Dr. Eric Monesmith, OrthoIndy total joint specialist, explains how to avoid surgery with non-operative alternatives for the knee and hip.
Osteoarthritis (OA) of the knee and hip is a very common condition. The causes of OA are multifactorial and include genetics, trauma, overuse injuries from high impact sports, advanced age, obesity and even post-surgical issues can be a factor. The common denominator is a pathway that leads to the degradation of articular cartilage, followed by pain, stiffness and diminished functional status. In advanced stages, OA can be quite disabling and is a leading cause of missed workdays and disability in our country.
Treatment for OA has both non-operative and operative avenues. Today I would like to discuss how you might avoid or at least delay surgery. Surgery for osteoarthritis is very successful, but most people would rather avoid major surgery if they can.
What are non-surgical options for osteoarthritis?
The mainstay of therapy for osteoarthritis is a class of medicines called non-steroidal anti-inflammatory drugs or NSAID’s for short. NSAID’s include such common over the counter drugs as Aleve and Ibuprofen, but there are many prescription NSAID’s as well, including Meloxicam, Celebrex, Relafen, etc.
This class of medicines blocks the inflammatory pain mediators at the level of the joint, can help reduce pain and swelling and improve function. Potential side effects include gastrointestinal upset and kidney and liver impairment. Also, these medicines can interact with many common blood pressure medications.

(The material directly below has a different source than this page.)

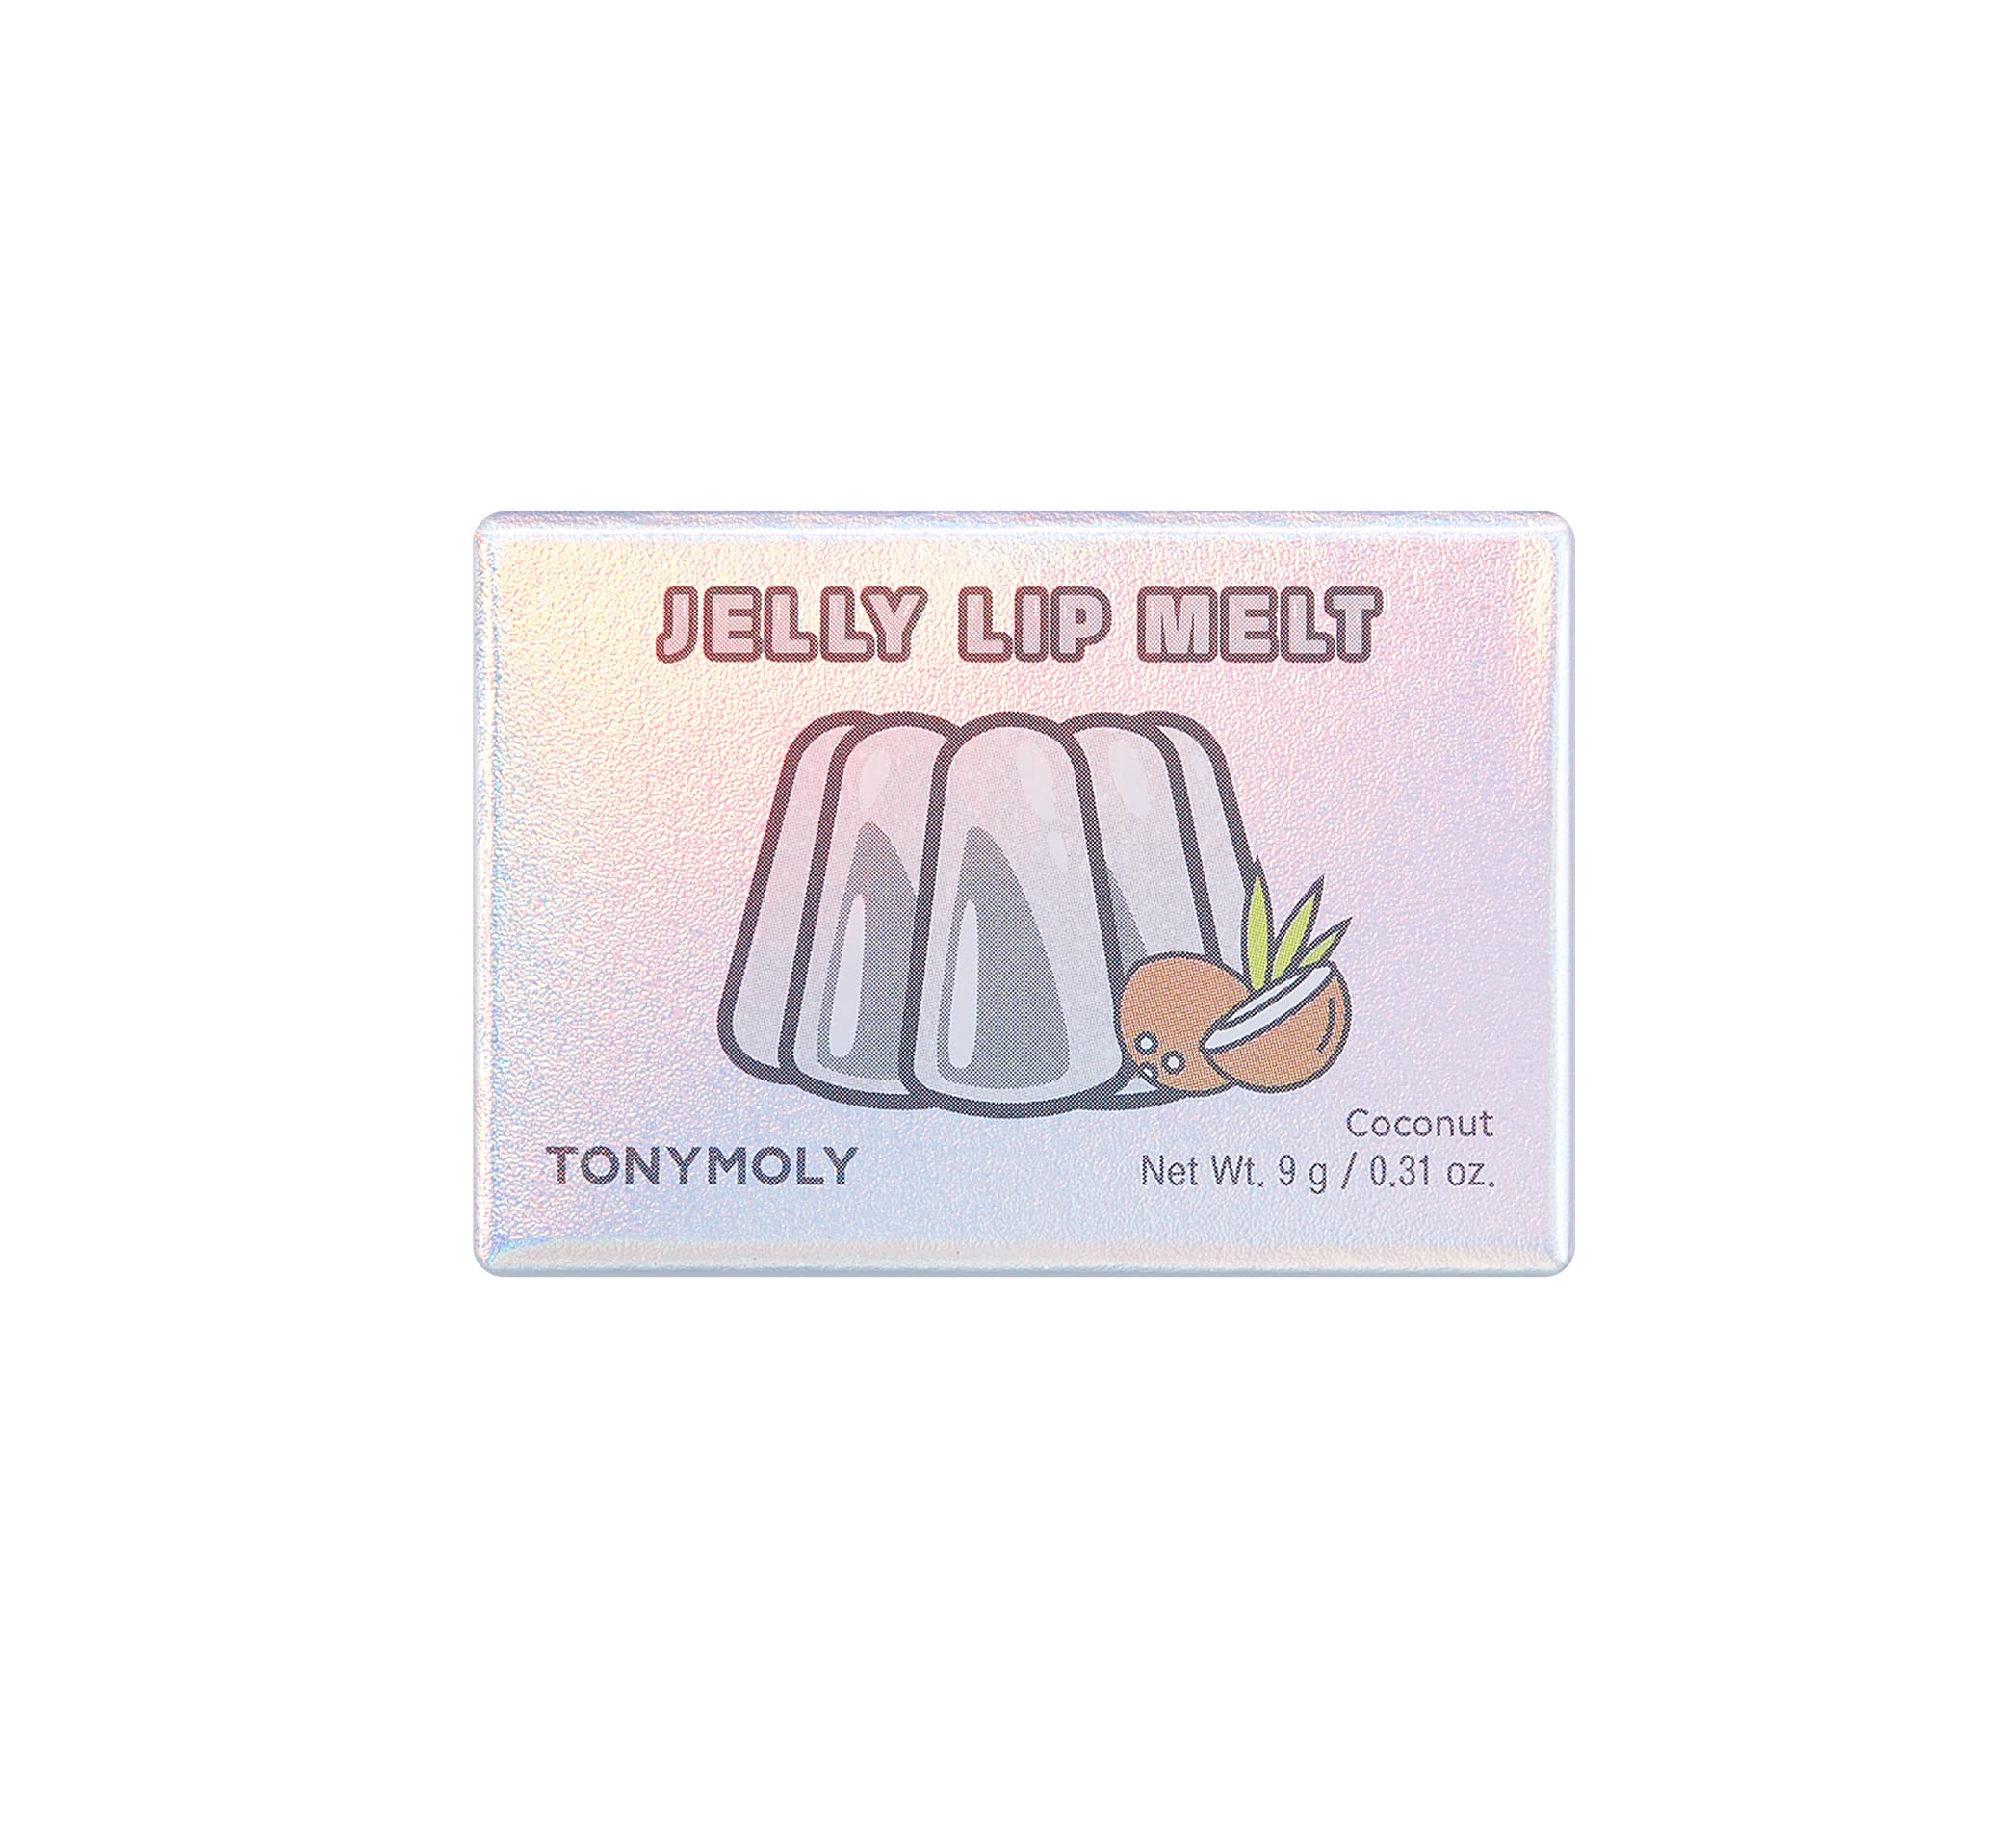 TONYMOLY Jelly Lip Melt, Coconut
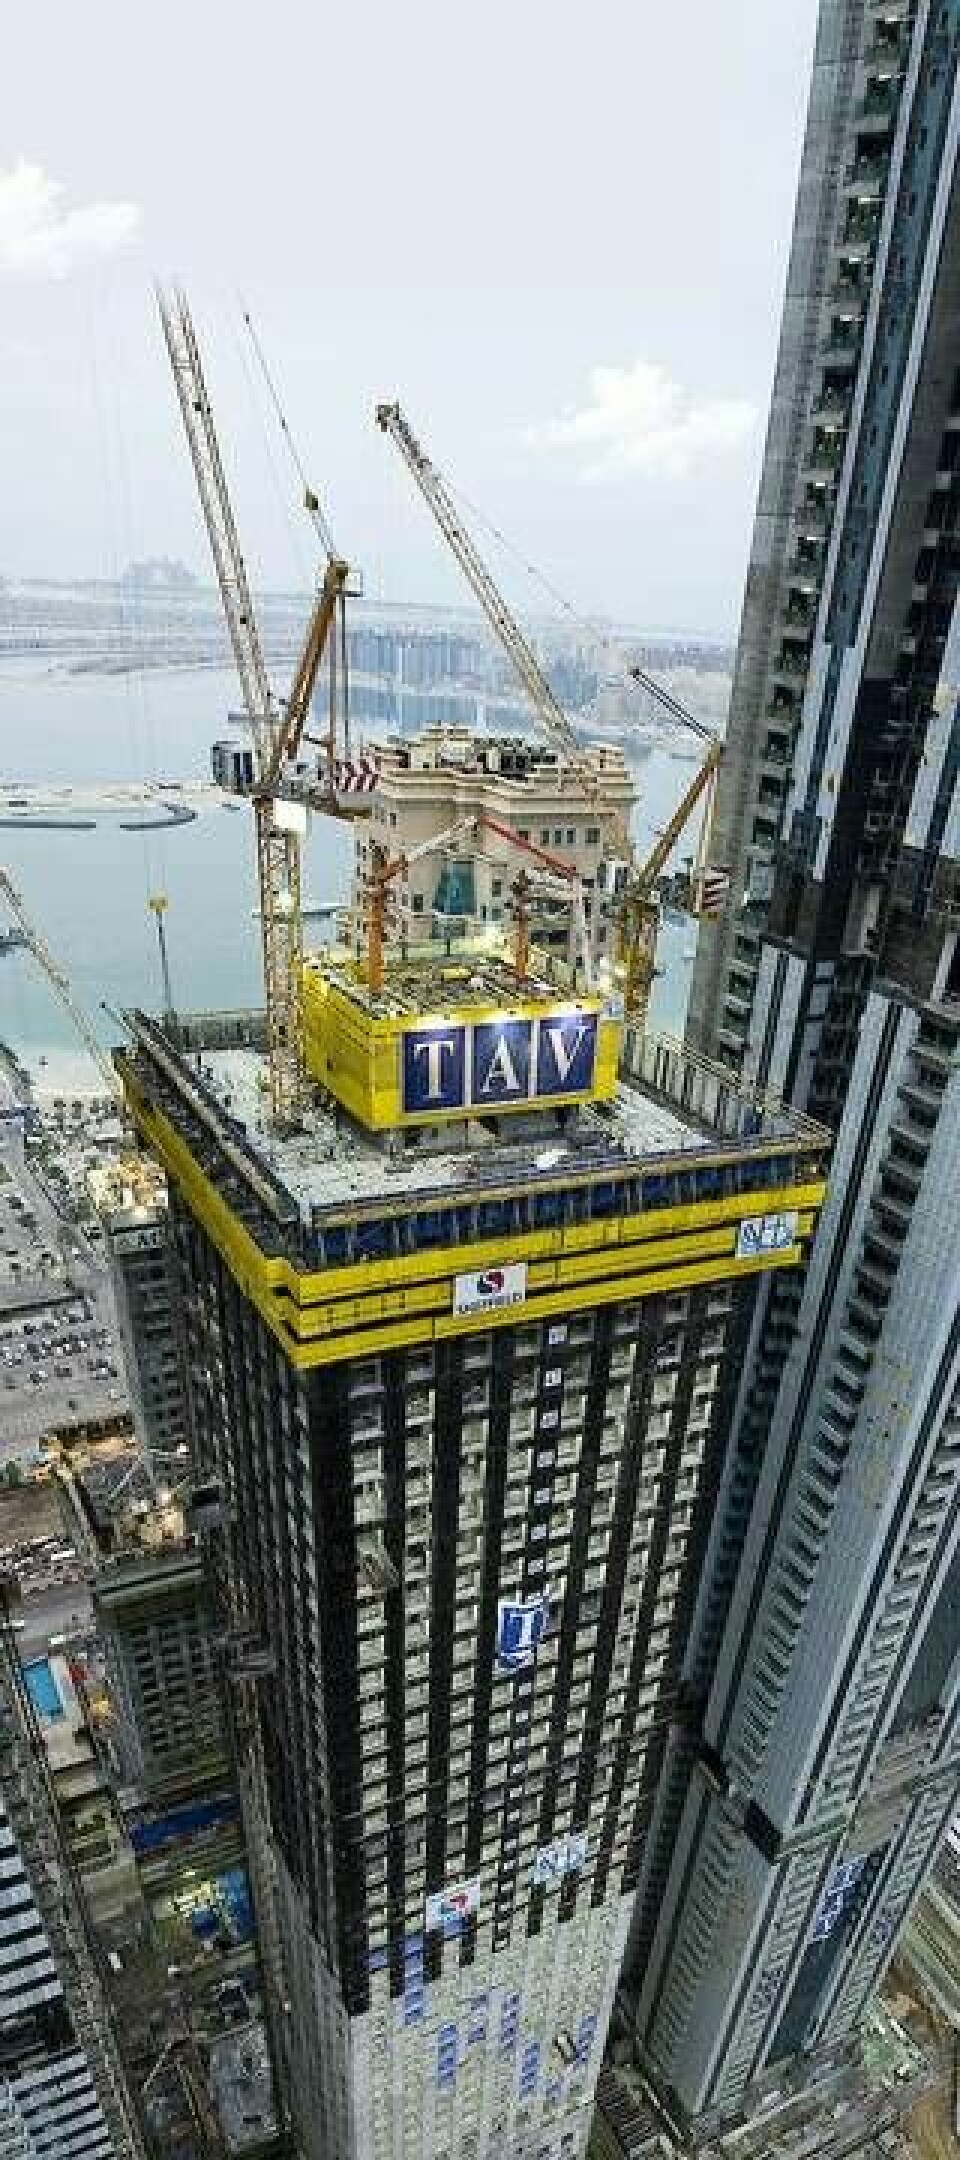 En klätterform kommer att användas för att gjuta byggnadens kärna. Här syns en liknande klätterform vid ett bygge i Dubai. Foto: Doka

Another type of treatment involves using natural supplements to reduce inflammation, potentially improve joint homeostasis and reduce pain. These include fish-based Omega-3, Glucosamine/Chondroitin, Hyaluronic Acid and certain spices like Turmeric. The scientific evidence for these is not nearly as strong as for NSAID’s, but they have essentially no risk and some evidence does exist for their efficacy, especially in reducing overall inflammation.
I also believe muscle strengthening is incredibly important. Strengthening the muscles around the hip girdle for hip osteoarthritis or the quadriceps for knee osteoarthritis, can improve function and reduce symptoms of pain.
Strong muscles can support an otherwise arthritic joint, and still allow one to function at a reasonably high level. Muscle strengthening is often overlooked. Gentle stretching can also help improve function. Isometric exercises can be done early, and as strength improves, other exercises can be added as symptoms allow. Avoid high impact activities, such as running, jumping, etc.
Finally, obesity, or simply being overweight, can significantly and negatively impact our joints. Articular cartilage is only a few millimeters thick and is a biologic miracle. We have not yet been able to replicate it, grow and replant it effectively, or stimulate the body to grow it in any fashion that is durable. With this in mind, it becomes easy to see how carrying a bunch of extra weight around is detrimental to the cartilage.
Every step we take is three times our body weight through our knees. An extra 40 pounds of body weight means 120 pounds of force per step, times millions of steps per year. The less understood impact is the inflammatory effect that extra fat has on our bodies. That extra fat leads to an increased inflammatory state in our bodies, which basically makes any pain that we have worse.
Please see my previous blog post on the Paleo diet to learn more about nutrition and weight loss.
What’s on the horizon for treatment?
You may have heard about the use of “stem cell” therapies to treat orthopedic conditions. Many people are researching “stem cell” therapies online to learn how it can improve function and eliminate pain and ultimately help delay the need for joint replacement surgery.
It’s important to note that the term “stem cells” is not approved by the Food and Drug Administration (FDA) and you should be leery of medical practices that claim they do “stem cell” injections.
Arthritis is here to stay, but the good news is that for those who are dedicated and willing to work at it, non-surgical therapies can help alleviate symptoms, allow reasonably good function and delay surgery for quite some time.